Но на смену белой красавице пришёл рассвет, показывая все краски природы: от нежно-розового до холодно-красного. Вот только на душе всё тот же мороз и холод, похожий на Антарктику.

Новый вздох. Новый день, в котором придётся заново учиться жить. Жить, зная, что рядом нет самого близкого человека на всей планете. Сердце всё так же бьётся — медленно и неторопливо, но нет в нём той искры и веры больше. Словно все эмоции, что были во мне, выкачаны страшной реальностью. Словно я опустошена, став бездушной куклой в руках кукловода.

Руки судорожно сжимают дорогую вещь, что хранит запах родного человека. Рубашка, та самая, что так любил папа. Утыкаюсь в ворот, до сих чувствуя аромат корицы и ванили — так пах самый близкий человек. Папа!

Одинокая непрошенная слеза скатывается по щеке, предвещая обжигающую внутри боль, отчего на сердце остаётся ожог, шрам, который не залечить никакими мазями, и точно не поможет подорожник, что в детстве прозвали травой, что лечит все болячки.

Рваный стон слетает с губ. Зажмуриваю глаза. Вспоминая то, что так дорого сердцу.

— Папа! — с криком бегу навстречу мужчине, что присел на корточки, расставив руки в стороны, ловя меня в свои объятиях.

Обнимает, прижимая к своей груди, как своё сокровище, а я своей мордашкой утыкаюсь в его шею, вдыхая родной запах ванили с корицей.

— Папа, — радостно щебечу, сжимаю маленькими ручками его шею.

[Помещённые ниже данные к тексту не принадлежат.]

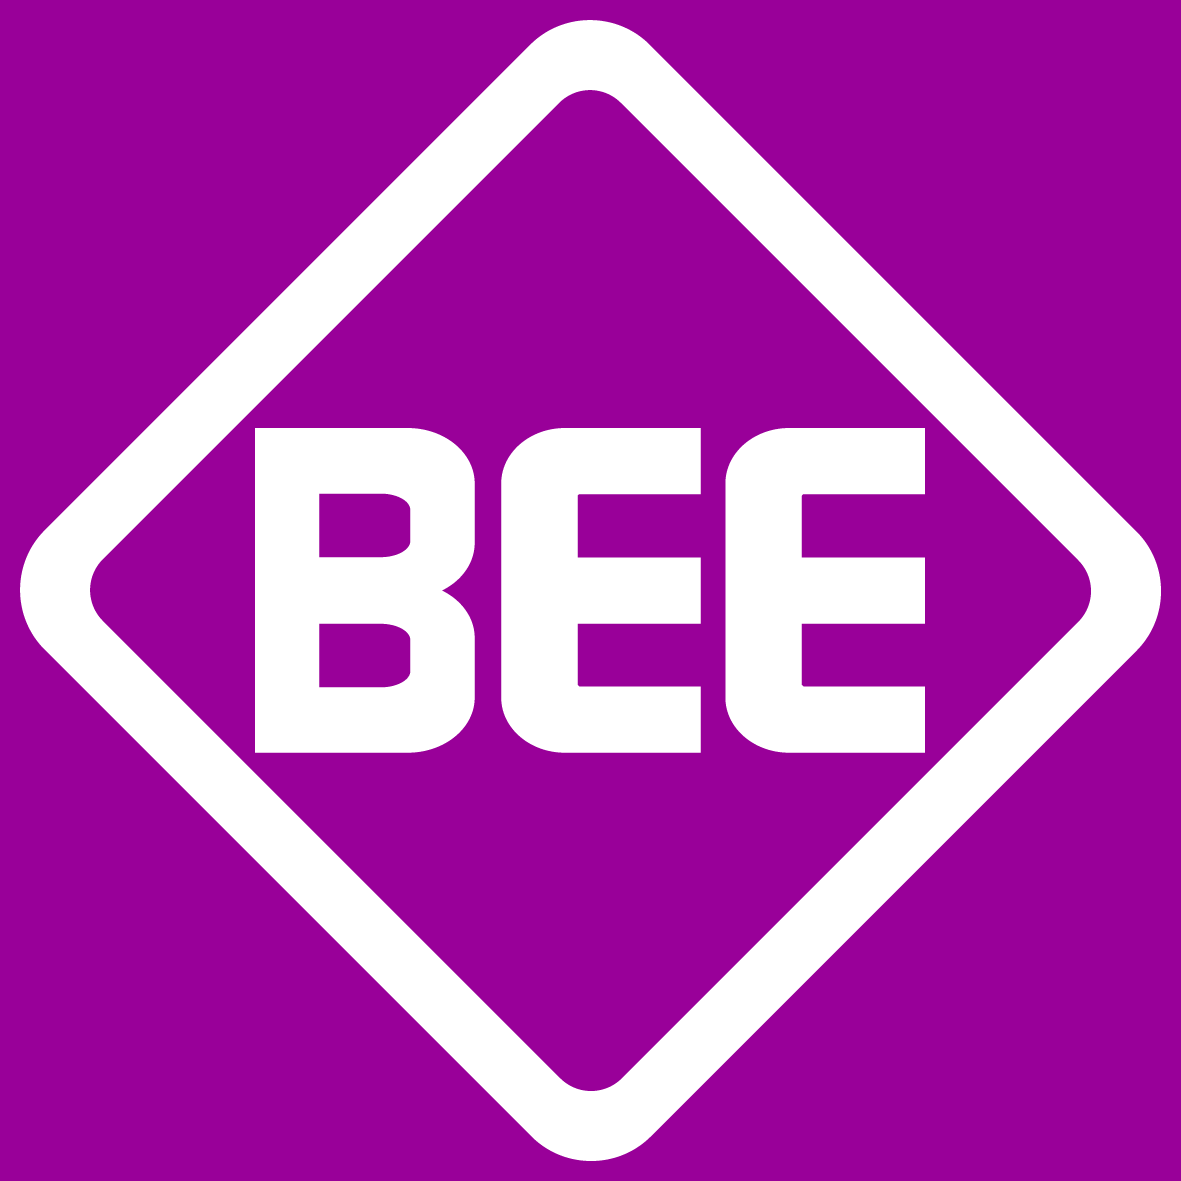 G. Bee Logo

— Хвостик, я тоже соскучился, — говорит, улыбаясь, осторожно меня отстраняя.

— Я приготовила для тебя подарок, — пытаясь чётко выговорить букву “р”, но вместо этого получает “л”.

Папа смеётся, а я вглядываюсь в его лицо, замечая в уголках глаз морщинки.

— Папа, — обнимаю за шею.

— Да, Хвостик, — его лицо становится серьёзным, но вот глаза всё так же светятся.

— Ты же меня никогда не бросишь? — спрашиваю, заглядывая в глаза.

— Никогда, Хвостик. Папа всегда будет рядом! — крепко прижимает к своей груди.